Workers just completed demolition and are starting to build a second, smaller "downstage" theater in 2nd Story's 28 Market St. home. The new theater will seat about 70 people, half of the main theater upstairs, and will descend from where the first floor kitchen used to sit, down into the basement. If all goes as planned, 2nd Story will be ready to start a new run of plays in September, treasurer/director Lynne Collinson said.

The new space will give 2nd Story extra flexibility to produce plays that might not have the same drawing power of the elaborate productions housed in the upstairs, 150-seat theater. But there is still a need for them, she said.

"It's going to be an intimate venue," she said. "It will house plays that maybe would not attract the crowds needed to support the large space upstairs. But it will attract the diehard fans; some edgy plays, offbeat things."

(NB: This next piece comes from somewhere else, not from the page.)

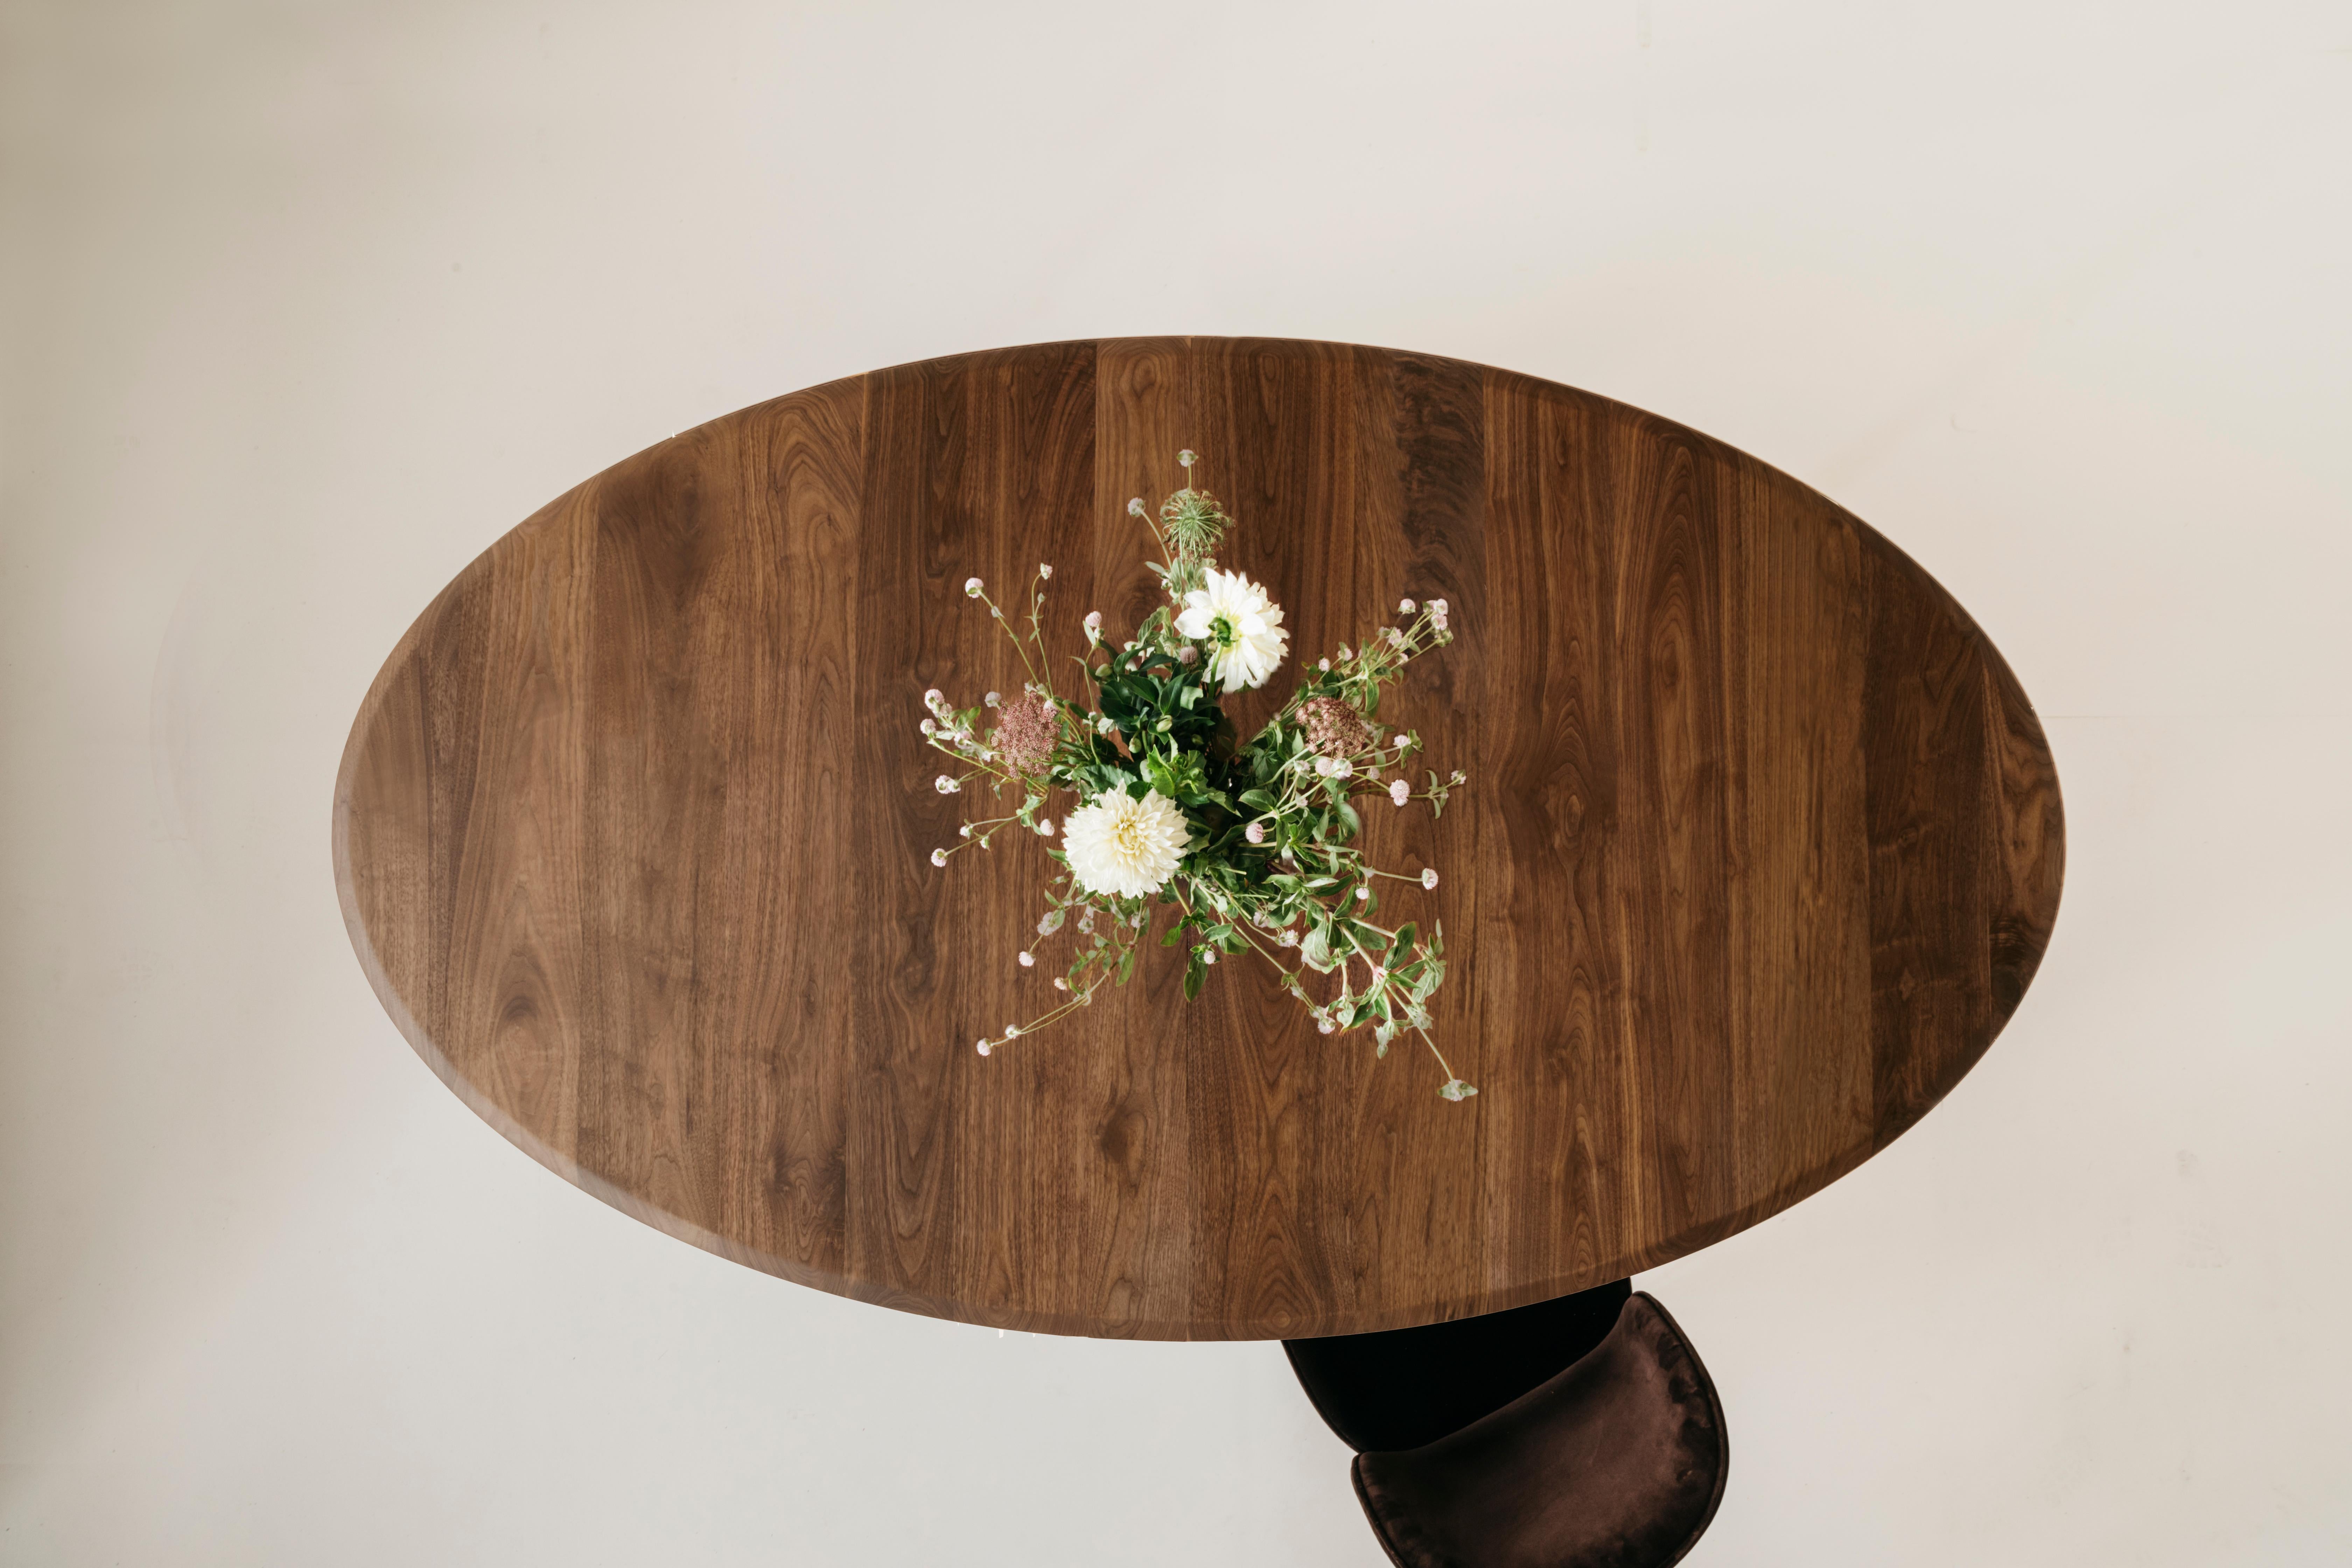 The Richard Watson oval dining table provides a comfortable, intimate shape to dine with others. This table can extend by use of smooth extension hardware that expands to hold a 20” leaf. Measure: 90

Artistic director Ed Shea has not announced the inaugural season, but Ms. Collinson said that almost certainly, a play like "The Lyons" by Nicky Silver would be among them, if not now then in the future. The play, which primarily takes place in a hospital room, deals with the protagonist's cancer and its effect on his family, past and future.

2nd Story officials decided to expand in hopes of increasing revenue, she said, and the entire project was made possible by the purchase of the Liberty Street School.

Before the purchase, 2nd Story's sets were made in a basement workshop and because of height and space restrictions, had to be made in pieces and assembled into their final form upstairs. Buying Liberty Street — and turning it into 2nd Story's main workshop and rehearsal space — freed up a lot of space that can now be dedicated to the downstage theater.

"These projects went hand in hand," Ms. Collinson said. "We made the jump (to Liberty Street) to enhance our production values. It was cramped down in that basement; now it's going to be a beautiful space."